The following challenges might affect the scraping:
Challenge | Possible solution |
---|---|
Loops of scraping | TBD |
Technical difficulties | TBD |
Irregular structure of web pages | TBD |
It should be noted that the automatic site scraping is only the first step in development of a catalogue of datasets. Manual effort might still be needed. However the created metadata (inventory) can be used together with the analysis of the web server logs to prioritize datasets for sharing as Open Data.

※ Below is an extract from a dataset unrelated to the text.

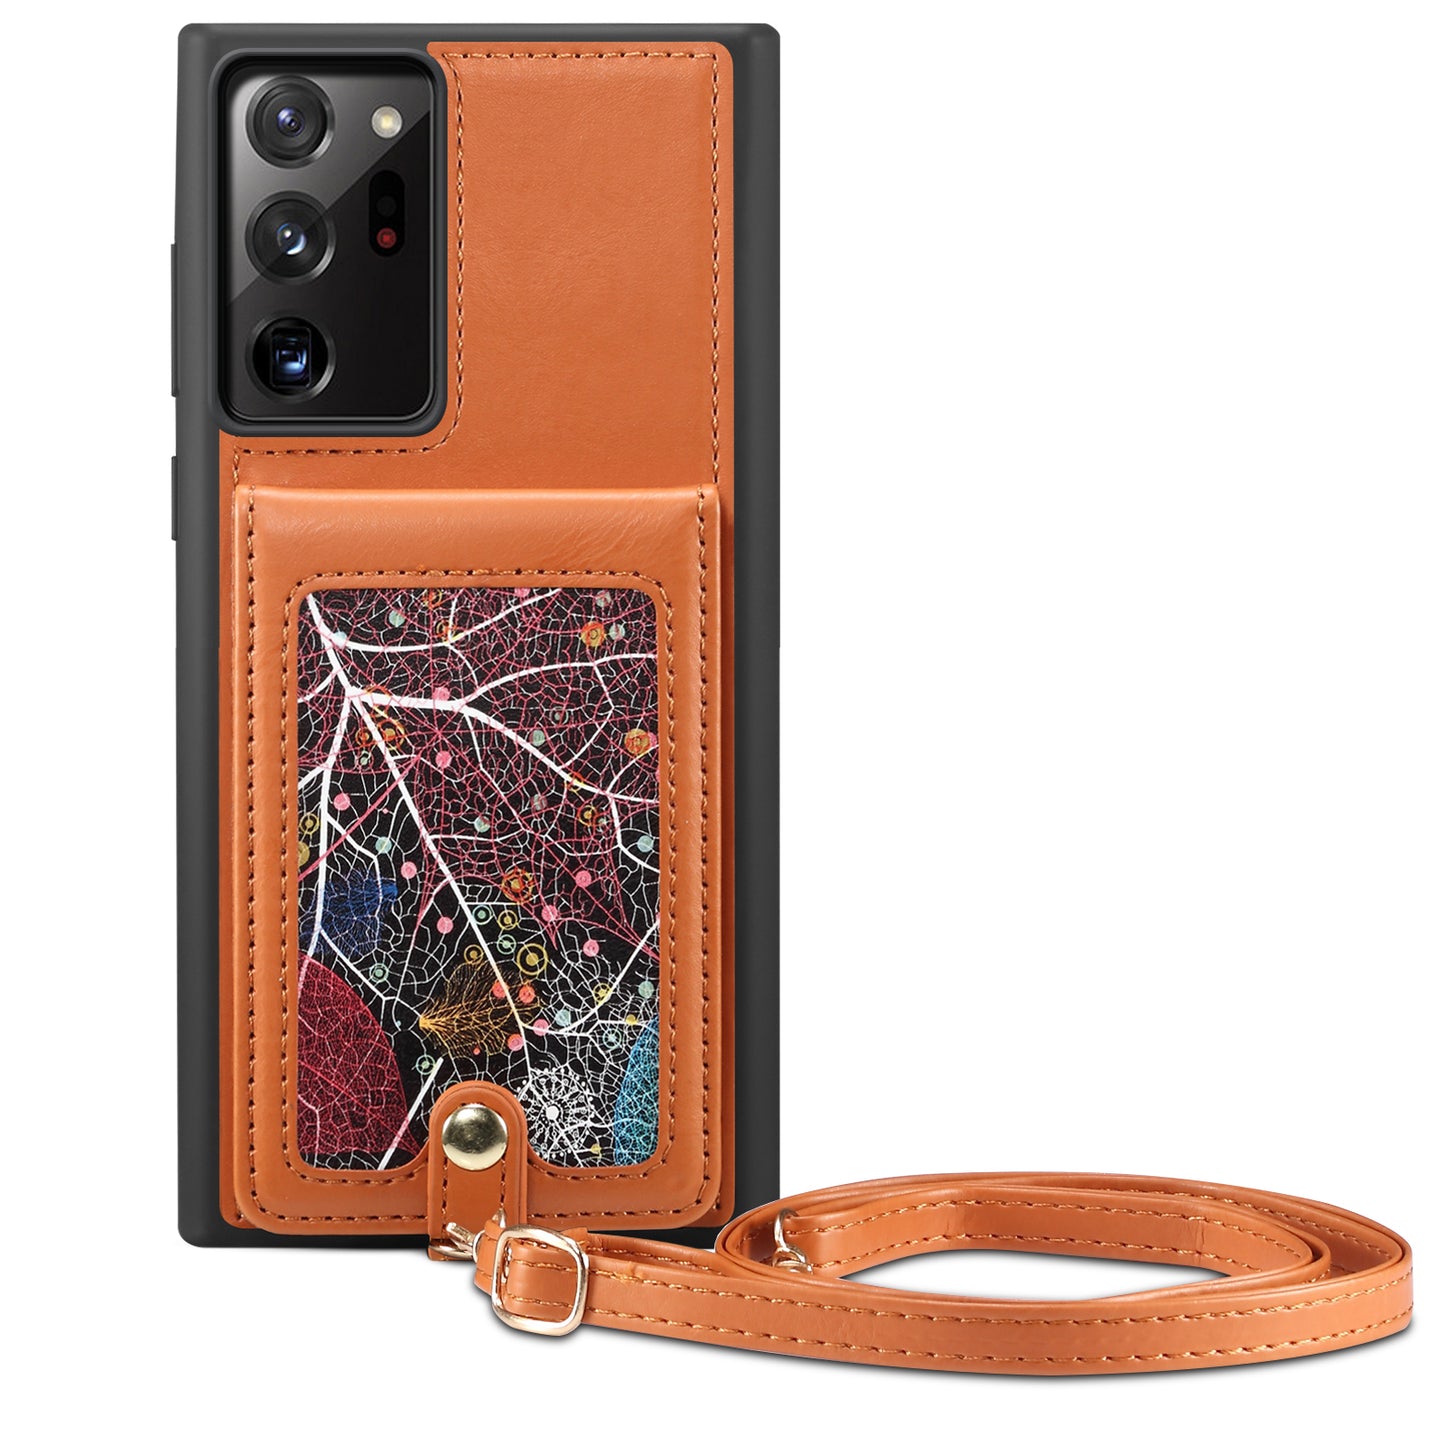 Interstellar Expanse Galaxy Note20 Ultra Leather Cover Flip Wallet Stand with Shoulder Strap

I.e. the web server logs might show what of the inventoried data sources are accessed often which might indicate good candidates for publishing in open formats.
How to Test
Automatically generated invetory of information provided on a given web site is available (at least to the personnel of the particular publisher).
Evidence
Scottish government utilize the site scraping techniques - see the Timisoara Workshop session "Site scraping techniques to identify and showcase information in closed formats - How do organisations find out what they already publish?"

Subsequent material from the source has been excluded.